On 15 Jun 2014 10:53, "graham sanderson" <gra...@vast.com> wrote:

> Hi Benedict,
>
> So I had a look at the code, and as you say it looked pretty easy to
> recycle on heap slabs… there is already RACE_ALLOCATED which keeps a
> strongly referenced pool, however I was thinking in this case of just
> WeakReferences.
>
> In terms of on heap slabs, it seemed to me that recycling the oldest slab
> you have is probably the best heuristic, since it is less likely to be in
> eden (of course re-using in eden is no worse than worst case today),
> however since the problem tends to be promotion failure of slabs due to
> fragmentation of old gen, recycling one that is already there is even
> better - better still if it has been compacted somewhere pretty stable. I
> think this heuristic would also work well for G1, though I believe the
> recommendation is still not to use that with cassandra.
>
> So for implementation of that I was thinking of using a
> ConcurrentSkipListMap, from a Long representing the allocation order of the
> Region to a weak reference to the Region (just regular 1M sized ones)…
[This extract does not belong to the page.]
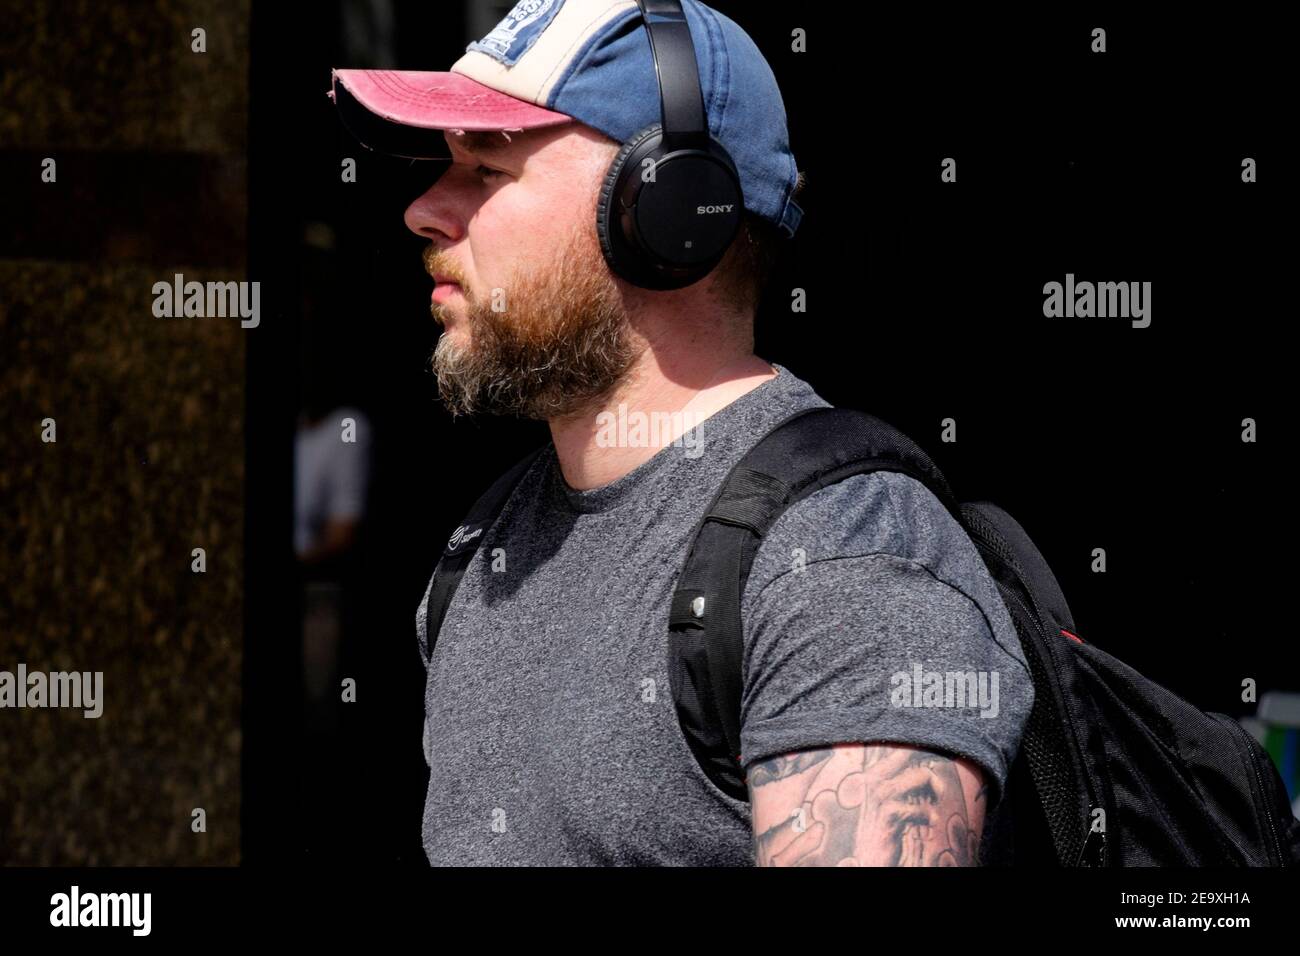 London street: male, 20s, beard, cap, Sony headphones. Stock Photo

> allocators can pull oldest and discard cleared references (might need a
> scrubber if the map got too big and we were only checking the first entry).
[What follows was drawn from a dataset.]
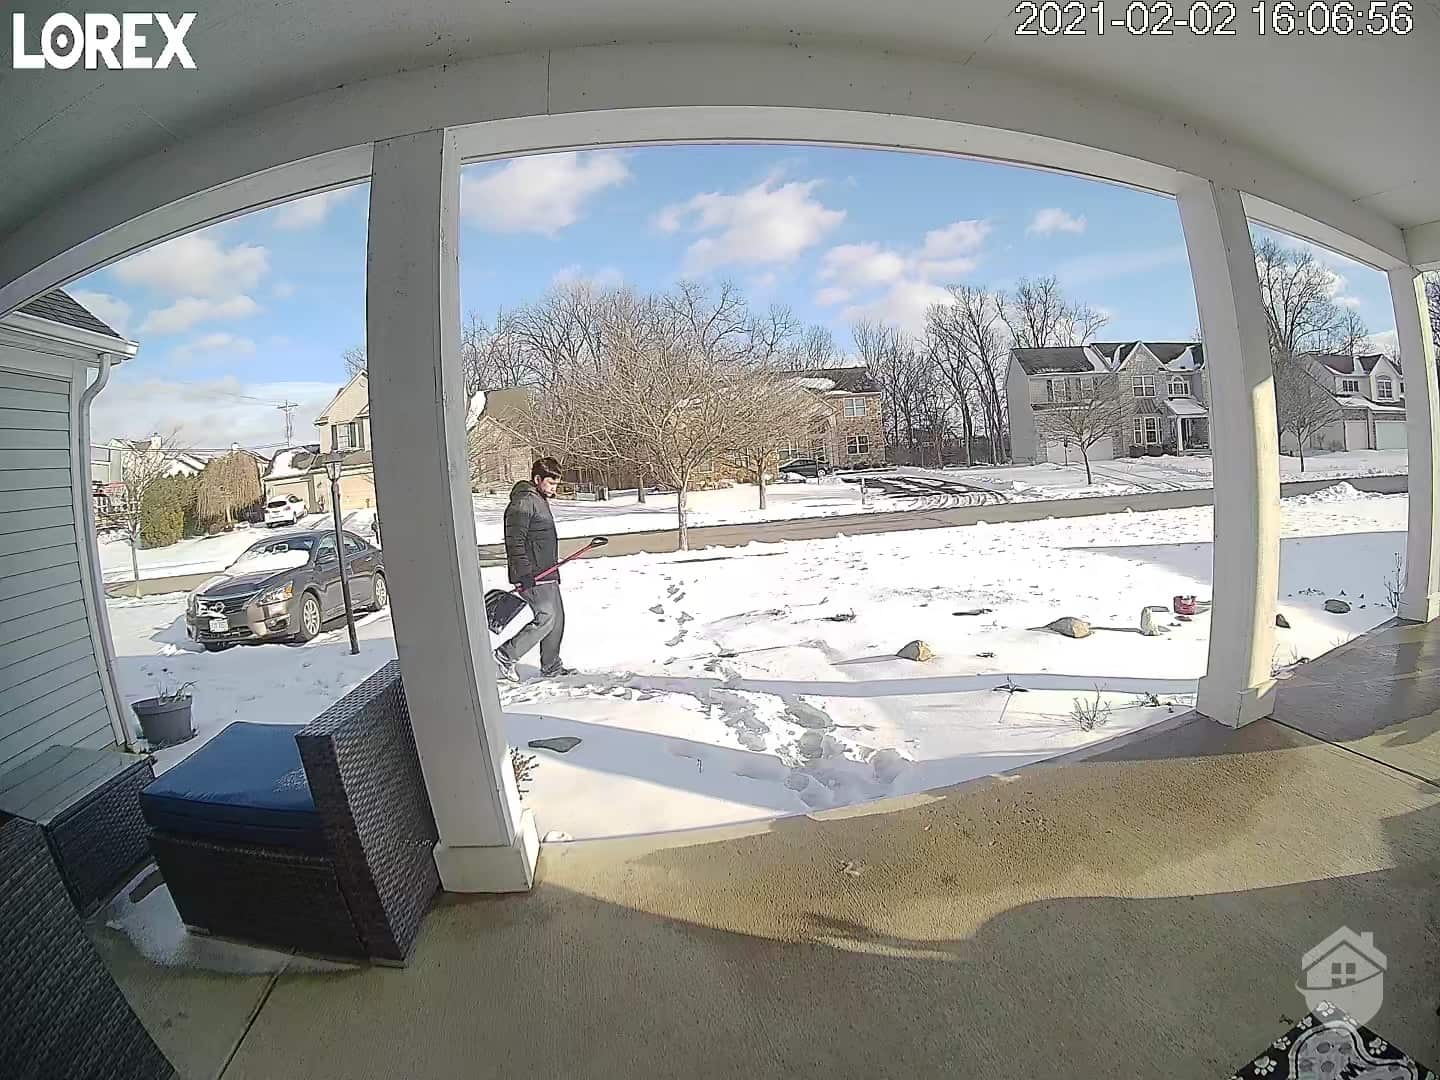 Lorex Doorbell Camera Video Quality

> Beyond that I don’t think there is any need for a configurable-lengthed
> collection of strongly referenced reusable slabs.
>
> Question 1:
>
> This is easy enough to implement, and probably should just be turned on by
> an orthogonal setting… I guess on heap slab is the current default, so this
> feature will be useful
>
> Question 2:
>
> Something similar could be done for off heap slabs… this would seem more
> like it would want a size limit on the number of re-usable slabs… strong
> references with explicit clean() is probably better, than using
> weak-references and letting PhantomReference cleaner on DirectByteBuffer do
> the cleaning later.
>
> Let me know any thoughts and I’ll open an issue (probably 2 - one for on
> heap one for off)… let me know whether you’d like me to assign the first to
> you or me (I couldn’t work on it before next week)
>
> Thanks,
>
> Graham.
>
> On May 21, 2014, at 2:20 AM, Benedict Elliott Smith <
> belliottsm...@datastax.com> wrote:
>
> > Graham,
> >
> > This is largely fixed in 2.1 with the introduction of partially off-heap
> > memtables - the slabs reside off-heap, so do not cause any GC issues.
> >
> > As it happens the changes would also permit us to recycle on-heap slabs
> > reasonable easily as well, so feel free to file a ticket for that,
> although
> > it won't be back ported to 2.0.
> >
> >
> > On 21 May 2014 00:57, graham sanderson <gra...@vast.com> wrote:
> >
> >> So i’ve been tinkering a bit with CMS config because we are still seeing
> >> fairly frequent full compacting GC due to framgentation/promotion
> failure
> >>
> >> As mentioned below, we are usually too fragmented to promote new
> in-flight
> >> memtables.
> >>
> >> This is likely caused by sudden write spikes (which we do have), though
> >> actually the problems don’t generally happen at that time of our largest
> >> write spikes (though any write spikes likely cause spill of both new
> >> memtables along with many other new objects of unknown size into the
> >> tenured gen, so they cause fragmentation if not immediate GC issue). We
> >> have lots of things going on in this multi-tenant cluster (GC pauses
> are of
> >> course extra bad, since they cause spike in hinted-handoff on other
> nodes
> >> which were already busy etc…)
> >>
> >> Anyway, considering possibilities:
> >>
> >> 0) Try and make our application behavior more steady state - this is
> >> probably possible, but there are lots of other things (e.g. compaction,
> >> opscenter, repair etc.) which are both tunable and generally
> throttle-able
> >> to think about too.
> >> 1) Play with tweaking PLAB configs to see if we can ease fragmentation
> >> (I’d be curious what the “crud” is in particular that is getting
> spilled -
> >> presumably it is larger objects since it affects the binary tree of
> large
> >> objects)
> >> 2) Given the above, if we can guarantee even > 24 hours without full
> GC, I
> >> don’t think we’d mind running a regular rolling re-start on the servers
> >> during off hours (note usually the GCs don’t have a visible impact, but
> >> when they hit multiple machines at once they can)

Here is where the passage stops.